Hell’s Half Acre
Susan Jonusas
Scribner, £16.99, pp332
In Kansas in 1873, a remote cabin was found with the bloody remains of dismembered bodies buried around it. The blame was attached to a family who had lived there, the Benders, and the ensuing manhunt became a national sensation in a post-civil war America scarred by conflict. Jonusas takes this grisly saga and turns it into a carefully researched and horribly compelling examination of unimaginable evil intruding upon everyday life, laying waste to all around it in the process.

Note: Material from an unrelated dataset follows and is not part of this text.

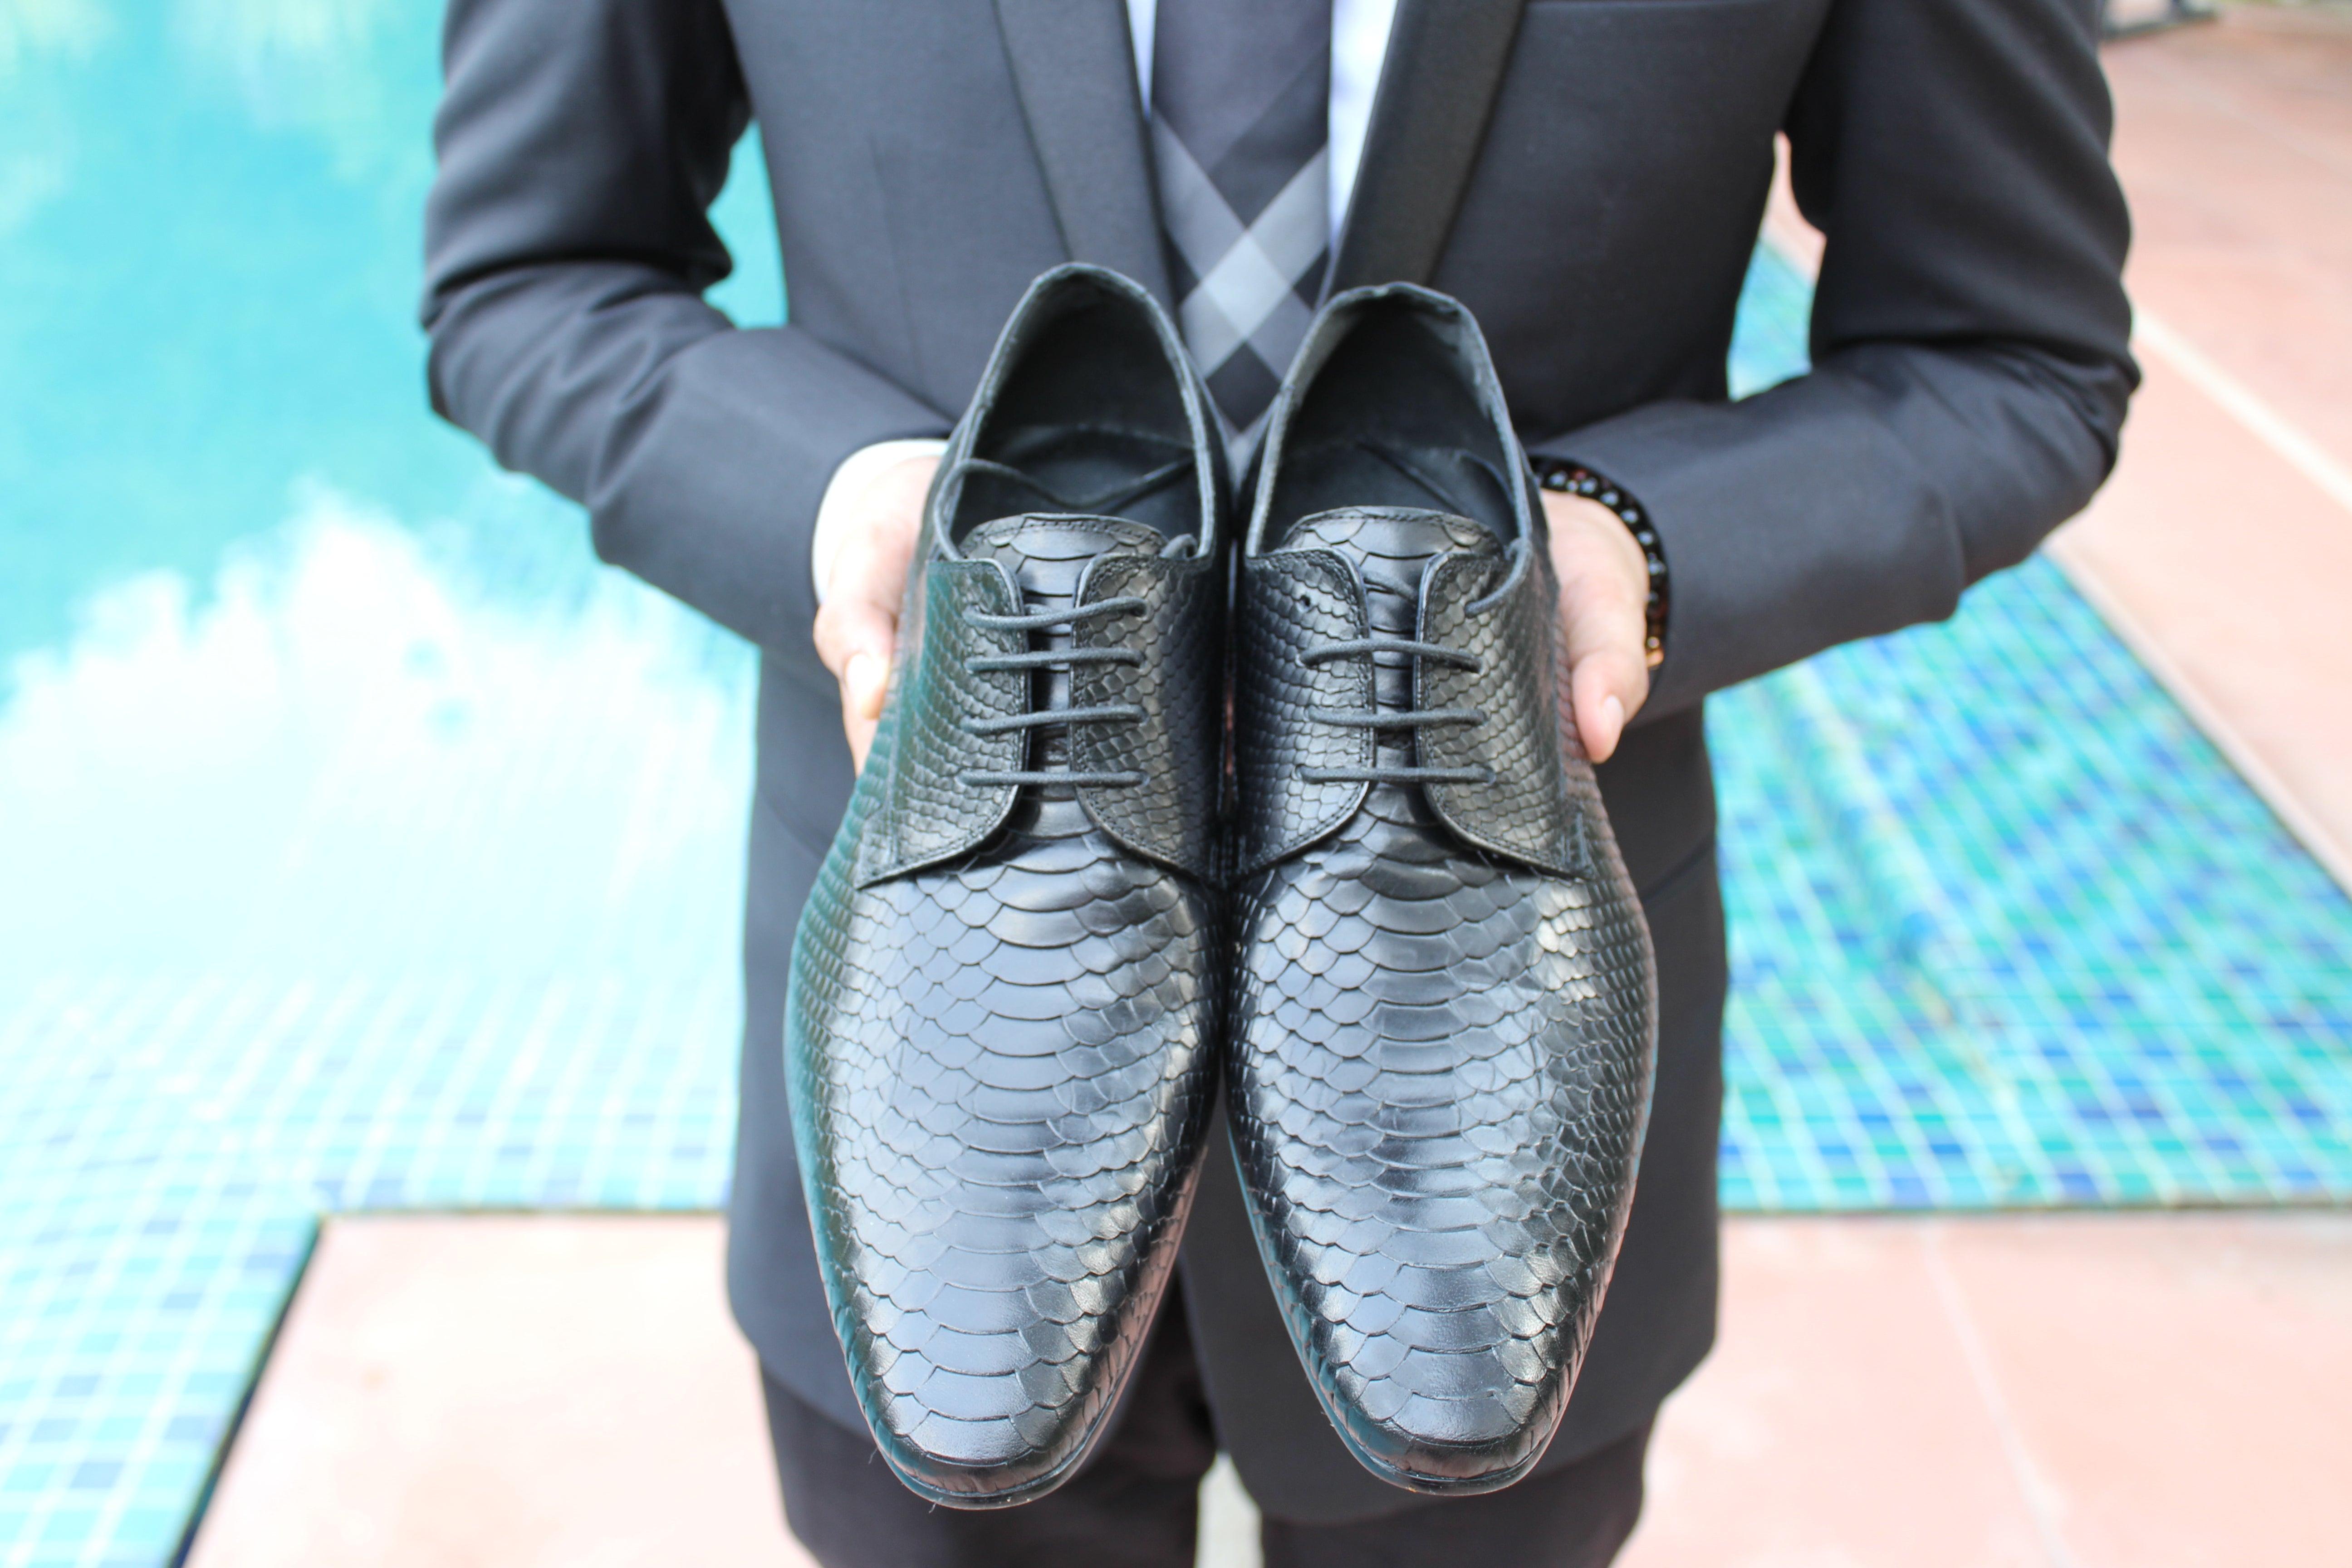 The Best Formal Footwear Options For Men

The House With the Golden Door
Elodie Harper
Head of Zeus, £16.99, pp489
Elodie Harper’s The Wolf Den was one of last year’s most vivid and transporting books, telling the story of sex workers in a Pompeii brothel in fascinating detail. Its gripping sequel leaves the downmarket milieu of the fleshpots to depict its protagonist Amara’s new and luxurious life as a courtesan. But selling one’s body is a transaction in which the man holds all the cards, as Amara seeks revenge on her former owner and, even more dangerously, falls in love. Harper’s recreation of this ancient world continues to thrill.
Great Circle
Maggie Shipstead
Transworld, £8.99, pp673 (paperback)
There aren’t many novels of more than 600 pages that leave you desperate for more, but Shipstead’s magnificent book effortlessly conjures up a long-departed world of adventure and glamour. It focuses on the aviator Marian Graves, lost while attempting to circumnavigate the world, and on the film star Hadley Baxter, who becomes obsessed with resurrecting the vanished pilot on screen. Beautifully written and endlessly readable, this rapturous novel soars as high as Graves herself and, thankfully, never crash-lands.